Several years ago, I received some fantastic Product Management training from Steve Johnson of Pragmatic Marketing. In addition to Steve’s insightful personal anecdotes about working in and guiding product development and marketing, the training included the advice that “Personas” – or carefully chosen example users – should be used to guide the product requirements, development and marketing.
Something about the concept of personas resonated with me, so I did a good bit of research on personas, including reading “The Inmates are Running the Asylum” a very persuasive book by Alan Cooper in which he first introduces the concept of personas for product development. After several months of research, my sense that personas could be a very valuable tool for influencing the overall goodness of the product under development was stronger than when I’d started.
Let me interrupt this recollection to tell you something about myself. I’ve been in software design and development for 20 years. Over the course of my career, I have sometimes found myself in the frustrating situation of knowing the product I was working on was being mis-built. That is, that the developers and management were making technical and implementation decisions that simply wouldn’t work for the intended user base. Maybe it was my years in technical support, maybe the fact that I am the child of business owners – I don’t know, but somehow, on these occasions I knew that our values and judgments were off. Sometimes I knew better choices. More often I just knew that we didn’t know enough.
This mis-building of product is never intentional, as everyone always wants their product to succeed. Just getting a project approved takes a tremendous amount of work. First, there is the market research, executive presentations, evangelizing, and board meetings. Then there is the research and writing of lengthy requirements, followed by the writing and debating of lengthy specification documents. Until, finally, we get the chance to actually build the product. In the end, it is the developers and their management who really decide what gets built, how and when. Yet, we developers are usually the ones with the least exposure to the user and the market.
Companies try various means to expose us developers to the needs of the user including corporate trips to user sites, user visits to headquarters, highly detailed requirements, lengthy specifications, use-cases, scenarios, etc. However, none of these accomplish what the persona promises to do.
The persona promises us:
- A realistic description of “the right” user and his needs, skills and desires.

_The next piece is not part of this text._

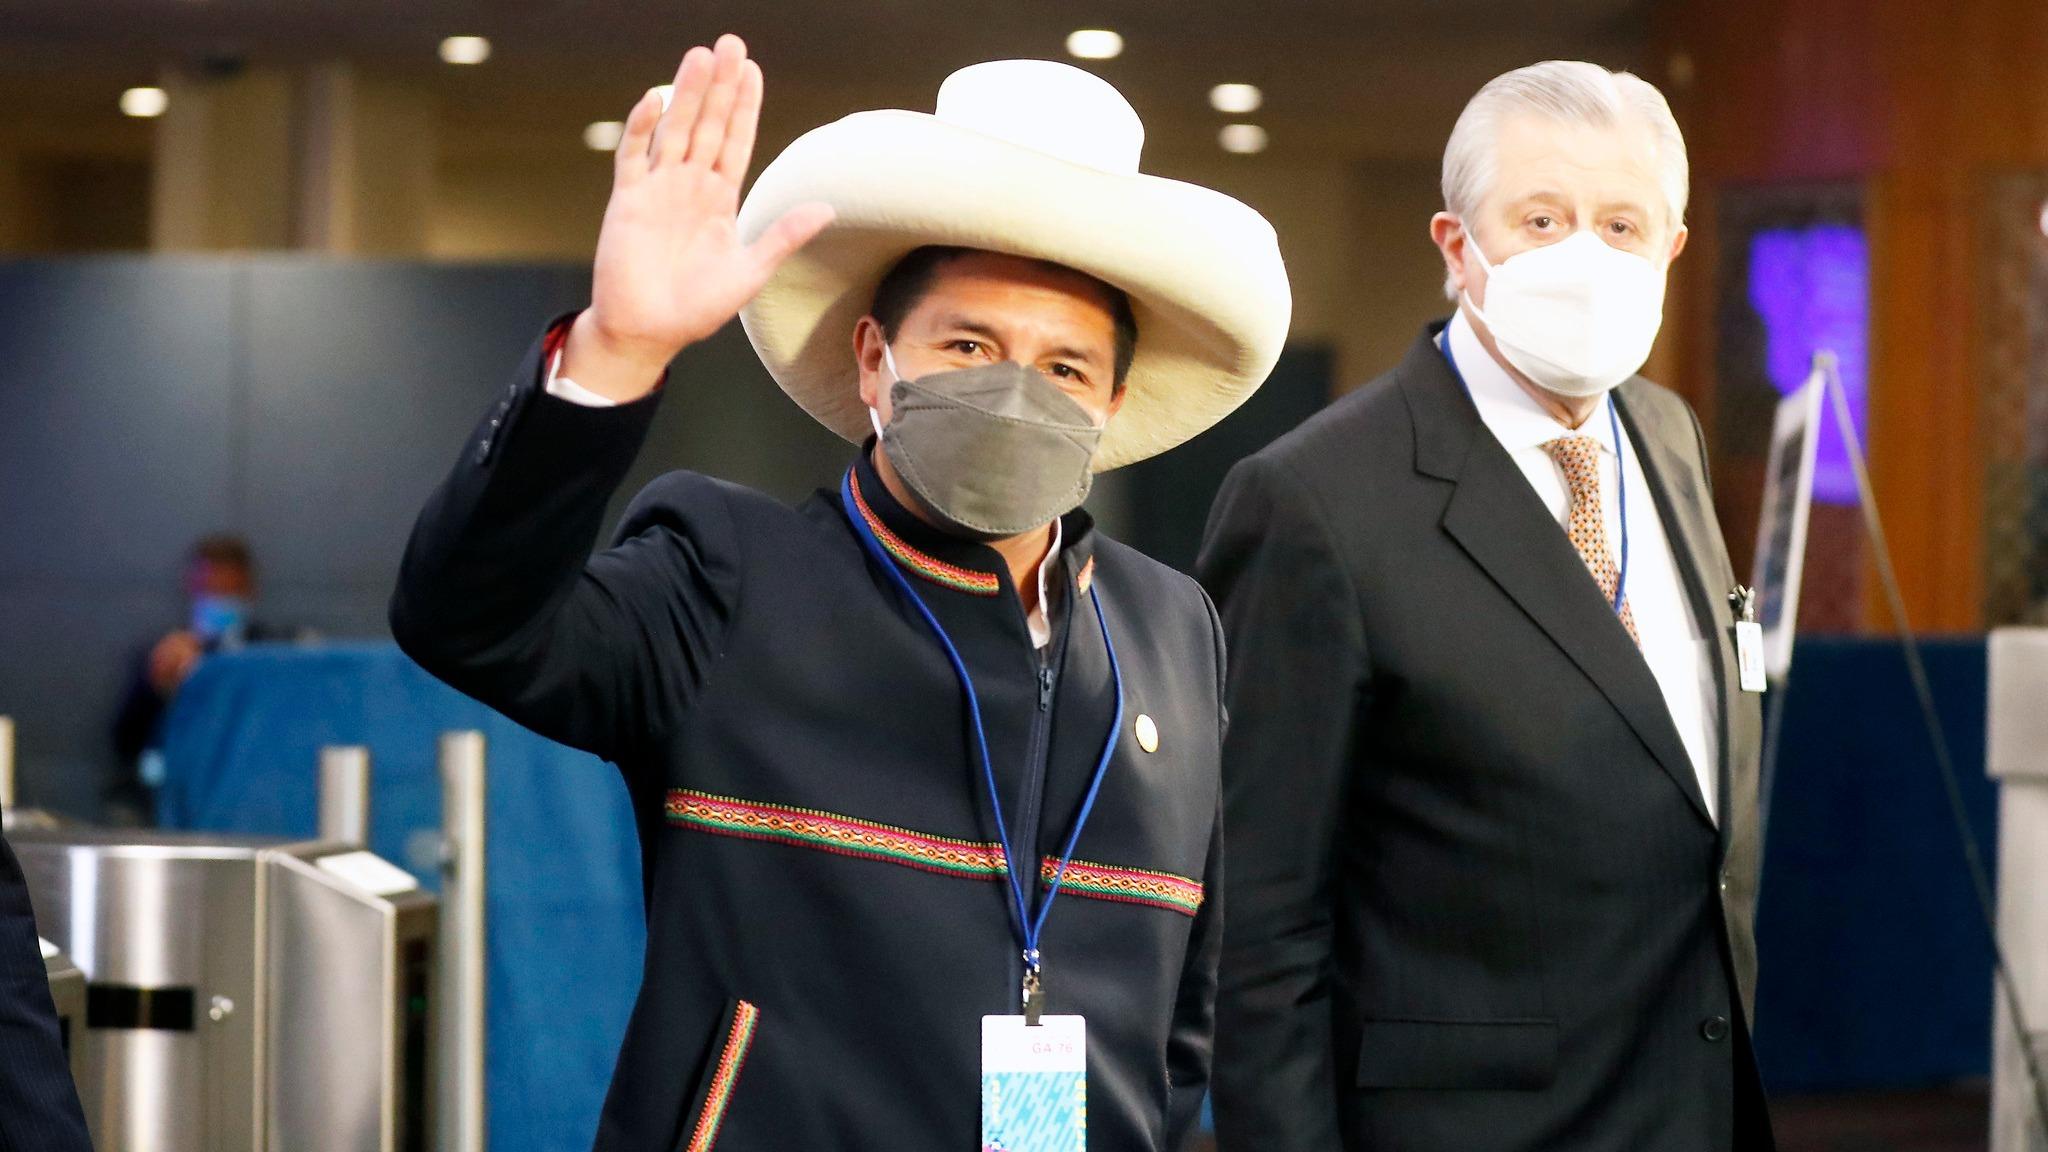 El presidente de la República, Pedro Castillo, asistió a la Asamblea General de las Naciones Unidas.

- An awareness of the environment in which our product will be used
- The ability to empathize with the user
Thus guiding a team of developers to make good, consistent, long term and common decisions while implementing the product.
I finally got the opportunity to give personas a try. You can read about my experience in detail in the August '07 issue of the Pragmatic Marketer. Until that’s available, I’ll summarize the experience here by saying: personas
brought a sea change at every level. Product
decision making improved immediately throughout the organization.
In particular:
- Developers felt empowered.
- Product Management and Development were finally on the same page.
- Product Managers were required to do far less internal evangelizing.
- Developers documented less and coded more.
- First-pass implementations met the users’ needs while matching their skills.
- Marketing improved their customer and prospect communications
It’s now been a few years since I was first introduced to the concept of personas and I remain very impressed with the immediate and long-term impact of good personas.
Since the concept of personas, their value and their impact is not yet widely established, I have started this blog to help get the word out.